# Baby bunny cannot keep balance or hop



## amh (Aug 25, 2011)

Forgive my ignorance but I do not have any other option but to beg for assistance on a rabbit forum as no wildlife rehabber has returned my calls. I know I am not supposed to be doing this, I know the mortality rate is over 90% and they rarely survive human "help" but if/when they die, at least I know they were fed/warm for the last few days of their short life.

I have two surviving baby cottontail rabbits approx 3 weeks old, not sure exactly how to tell their age. They both have the white markings on top of their heads but one mark is smaller than the other. Both about 4" long and eyes open when this happened last week. The nest/den was destroyed by the mower last Tuesday evening. I rebuilt it right away (after online search about what to do) with dead grass and the mom's fur I raked from the yard and put 3 living ones back inside (buried three dead ones on other side of garage) but the next morning the sticks had not moved and one was dead.

The two I have were very dehydrated, the skin on their necks did not bounce back when I checked the following morning.I brought them in and gave them Pedilyte Wed. am until I could get to the store. Starting Wed. eve, I have been giving them equal amounts of powdered KMR and powdered goat milk with a tablespoon of heavy whipping cream for more fat. I only feed them early morning and late evening,and again late but before bed if they want any. I tried a pet nurser and syringe but they do best with a rubber bulb syringe (like you use for babies). I sterilize after each feeding. I feed until belly feels full but is not distended. If they are done, I do not force it on them.

They are urinating and defecating on their own,diarrhea one time the first day and not sure which one. I have them in the master bedroom in a large box with heating pad on low in half the box (bedroom is cold) and I keep it covered with a towel unless I am feeding them. I also put in dead grass and paper towel shreds that I change daily.

I know they will probably not survive but cannot put them back outsideas we live in the country with lots of predators, they are not food! I have done feline rescue for orphaned kittens for many years, did a TNR feral cat program for a few yearsand I have also been a nurse for 20 years. If they make it, I will release them.At this point, they have both lived longer than I expected as I have had them for a full week and they IMO, are doing well.
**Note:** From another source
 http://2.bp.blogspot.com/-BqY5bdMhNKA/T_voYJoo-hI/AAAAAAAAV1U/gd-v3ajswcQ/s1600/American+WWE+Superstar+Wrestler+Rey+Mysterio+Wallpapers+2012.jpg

Now my question: one is very active, kicking about, wiggling while trying to feed it, hopping about in the box and trying tojump out. The other is alive but lies on its side all the time and when I sit it up, it cannot keepbalance for very long.Over the last few days, it can now hold balance for a minute or two and moves forward if I make a "tunnel" with my hands. Once I put my hands down, it falls over.It can move all legs by itself and has no obvious injury.Eyes clear, nose/mouth pink and moist. It moves around in the box by scooting on its side, usually up against the sides of the box or the other bunny (they snuggle). Head does not appear tilted, it can move it in both directions and I do not see any discharge or mites in the ears. 

I do not know why or what could be wrong because I have no bunny experience.
I cannot find a wildlife vet within 100 miles but found a rabbit vet within driving distance if you think they could help. Do you have any suggestions? I think (but what do I know) it may be neurological possibly from birth. If it is and it will not get any better, I will have it euthanized because I cannot keep a wild rabbit as a pet nor can I release it if it cannot fend for itself. I plan to release the one doing well in another week if I can get it to take water from a dish (no luck with that yet, it just makes a mess of it).
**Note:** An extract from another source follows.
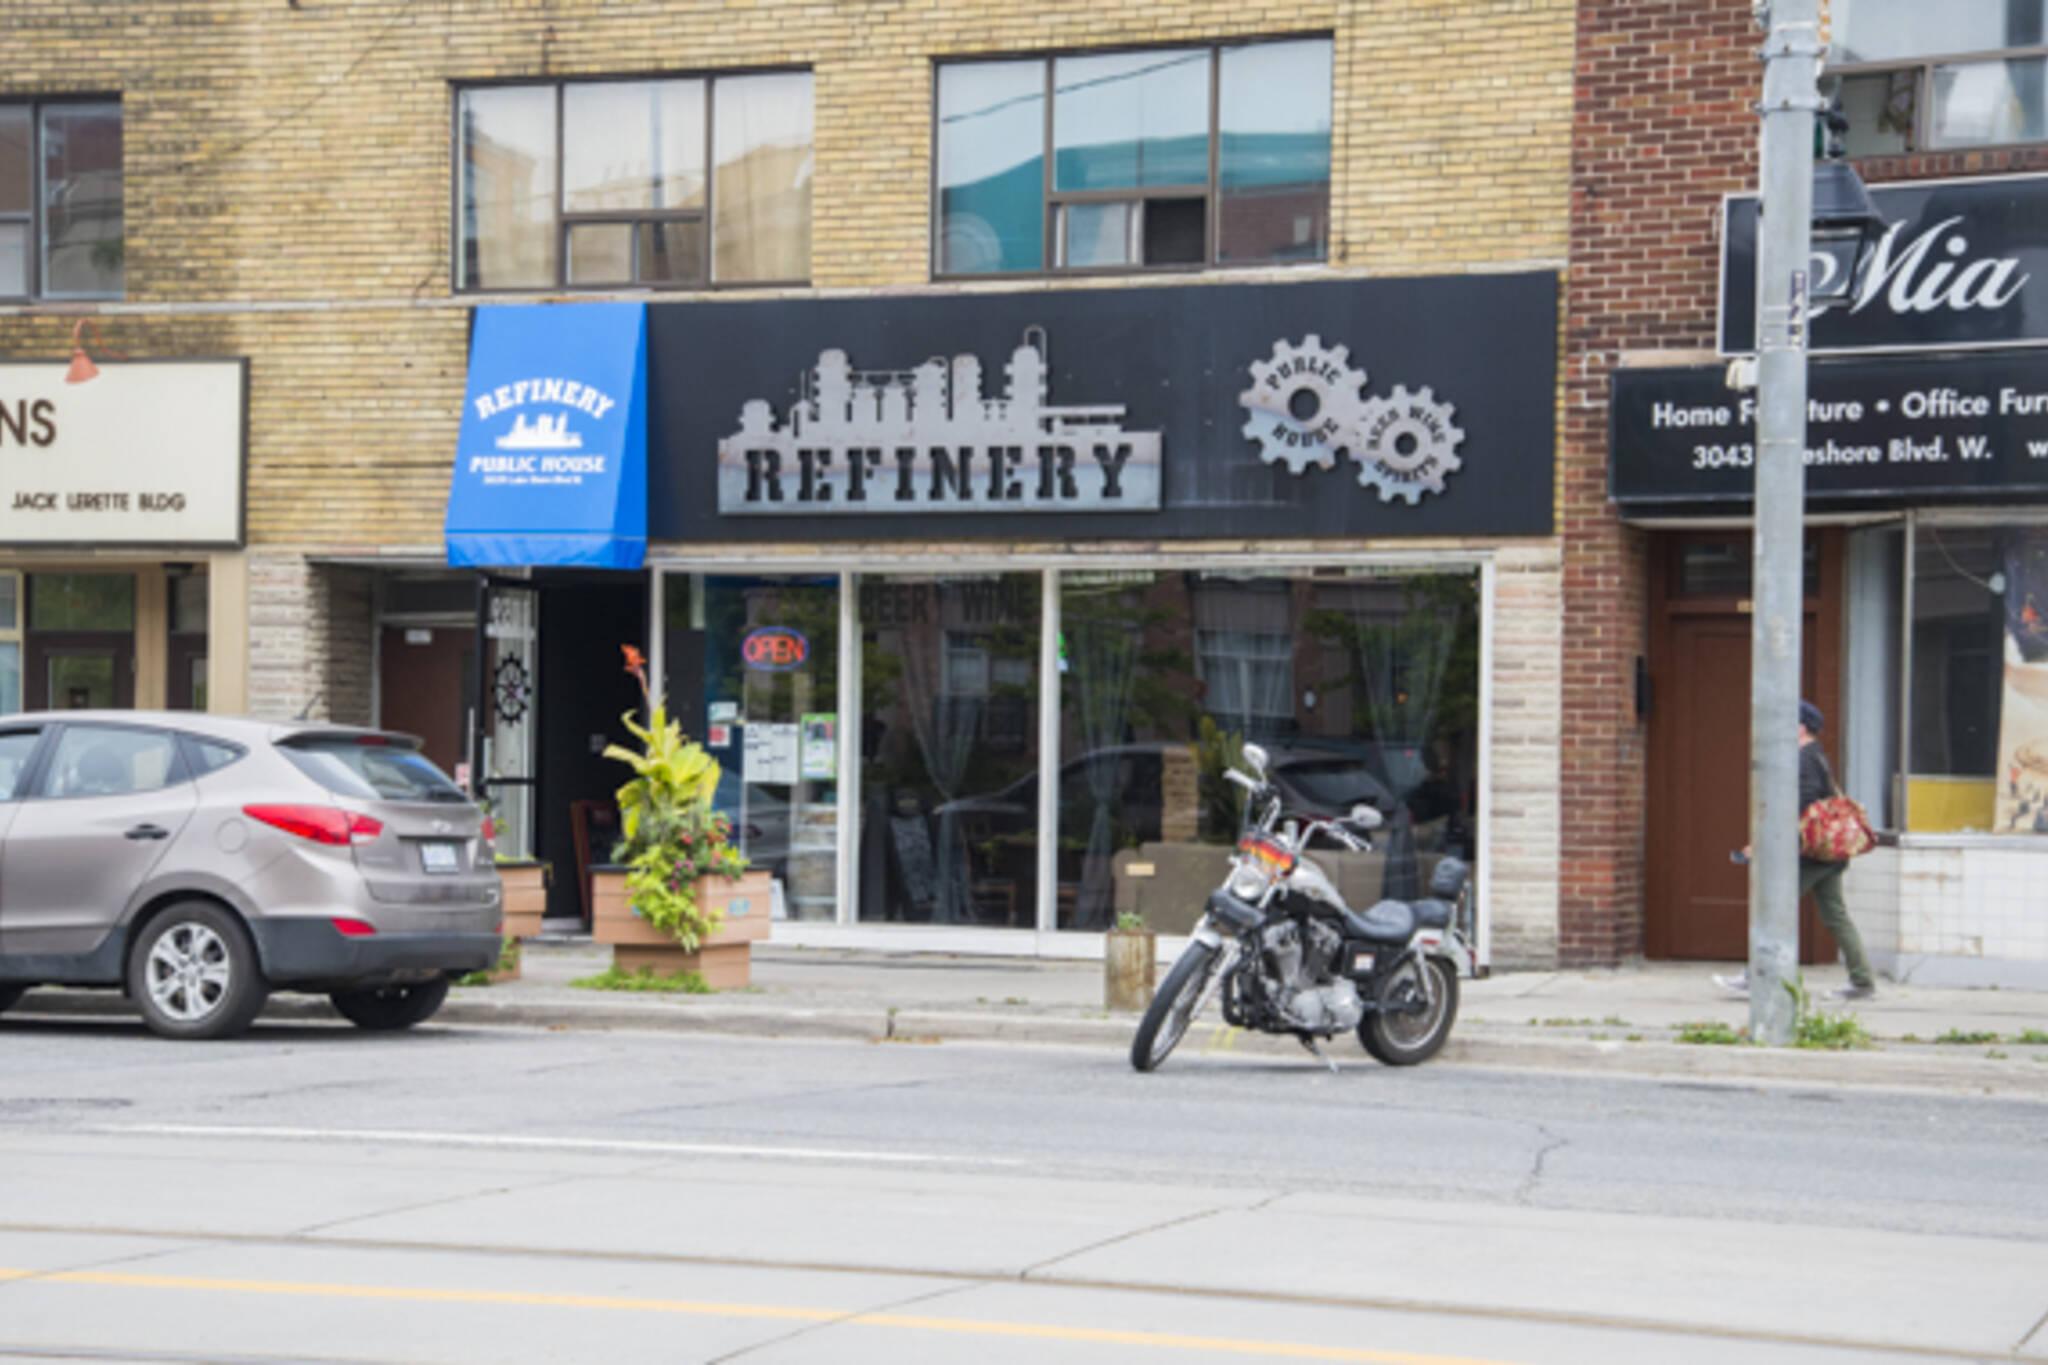 Refinery Pub Toronto

I looked in some of the other threads before posting but I do not know what I am looking for therefore the titles do me no good at all.

Thank you for any/all responses. I will check back in the morning before work.

amh


----------



## Maureen Las (Aug 25, 2011)

This sounds neurological but I, too would not know the origin. We used to have a wild life rehabber mod in this forum; he has not been active ,however,I will forward this post to him and hope that he responds

You soundlike a great care giver


----------



## amh (Aug 25, 2011)

Thank you for your help, I really appreciate it. Hopefully he will respond and give some furtervadvice. Have a great day.

amh


----------



## EileenH (Aug 25, 2011)

Did you try finding a rehabber through here?:
http://wildliferehabber.org/
Your profile says Southern, Indiana but there is no town called Southern. Being as I am from the East Coast, I can't help you much geographically. But I picked a zip code from generally Southern Indiana and found one 18 miles from one of the zip codes.

My initial thought was head trauma, and since you said there was a mower involved, is is very likely. Keep trying to find a rehabber who can take them, they need to be on some kind of anti-inflammatory, such as Metacam. Steroids will not be helpful at this point since it is past the point of acute trauma.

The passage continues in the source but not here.